Democrats and the media can shout themselves hoarse. The only people who can deliver actual consequences to Trump are his fellow elected Republicans, and after Sunday all but a tiny smattering of them went as silent and still as field mice when a hawk shadow blots out the sun. Again.

Trump says something monstrous and gets away with it, because showing he can get away with it, setting that nonexistent bar lower and lower, is what he is ultimately after.

“Trump — and many of his supporters and defenders — spew their racism and tell themselves that it is perfectly acceptable when it is read back to them, in much the same way that a dog will eat its own vomit,” writes Charles M. Blow for The New York Times.

In other words, that painted line where the bar used to be is actually a divot in the turf.

Do not forget that Trump’s vividly racist outburst came on the very same day that ICE launched a national deportation sweep.

It came the same morning as Sen. Lindsey Graham telling the Fox Business Network that he would be fine with keeping migrant children caged in concentration camps for 400 days, if not more.

It came just after Trump promised to find a way to work around his failure to get a racist citizenship question added to the census.

It came just after Trump hosted some of the most vile right-wing voices on social media at a White House “summit.”
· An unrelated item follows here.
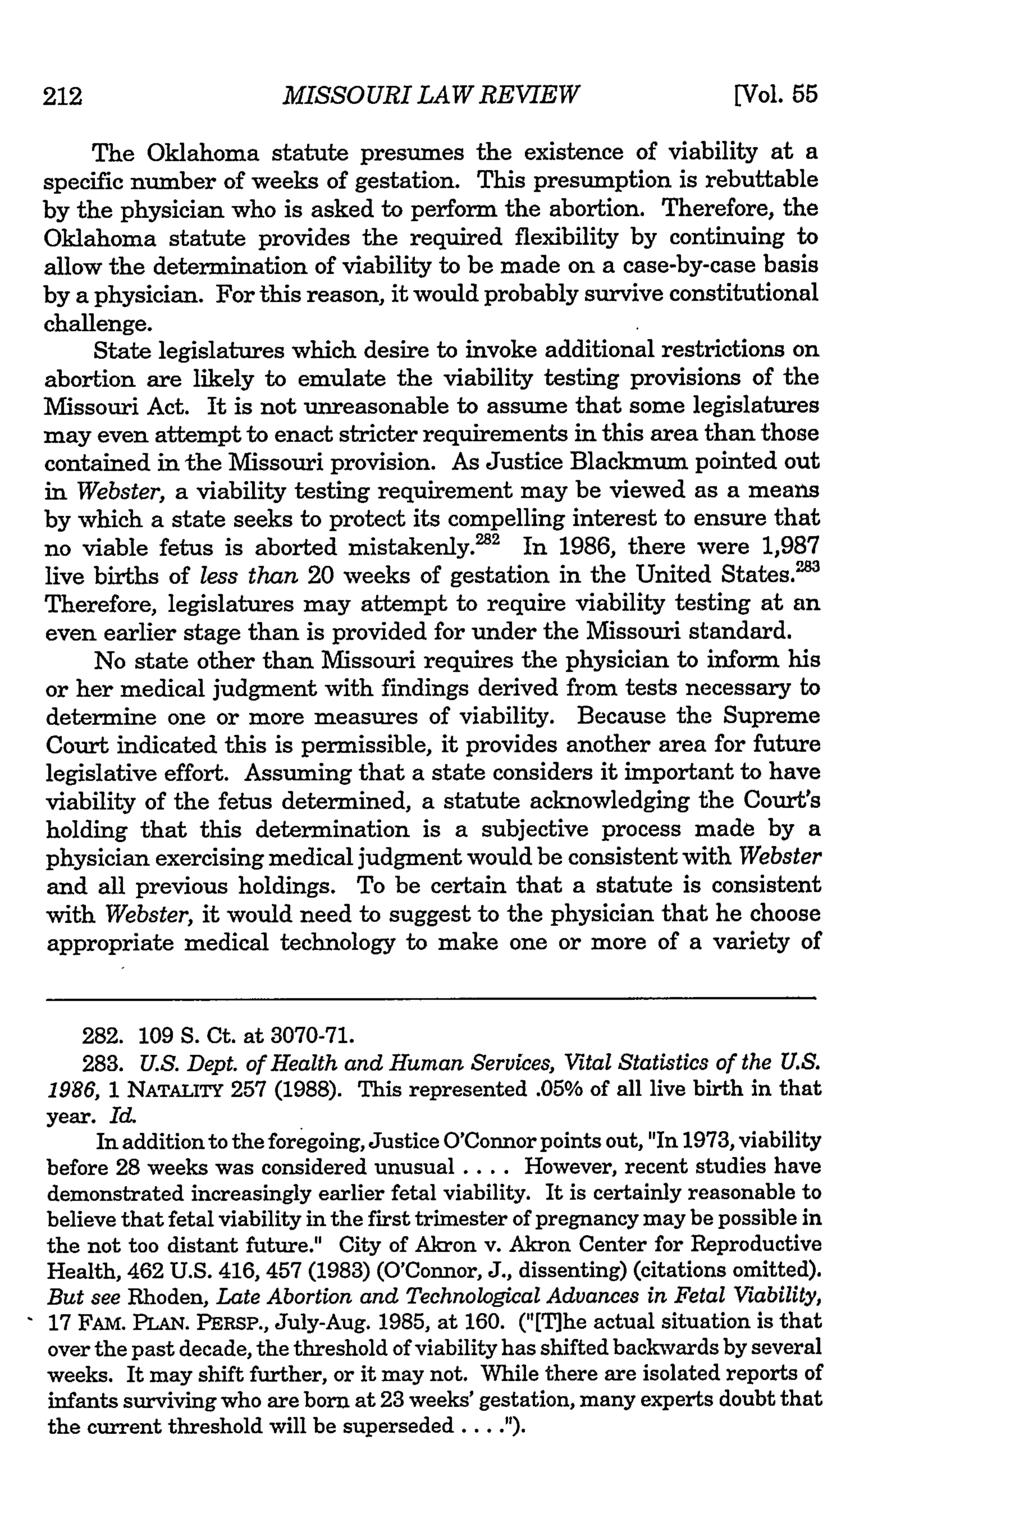 212 Missouri Law Review, Vol. 55, Iss. 1 [1990], Art. 5 MISSOURI LAW REVIEW [Vol. 55 The Oklahoma statute presumes the existence of viability at a specific number of weeks of gestation.

It came a day before Trump moved to stifle the ability of many Central American migrants to apply for asylum in the U.S.

It was yet another brick piled onto the ever-rising battlement where Donald Trump intends to stand the gaff in his lurch for another four years, and perhaps more. Convincing people it can’t get any worse before deliberately making it worse is Fascism 101, the slow boiling of the frog on the hotplate. Racism is Trump’s weapon of choice in this effort. It will get worse.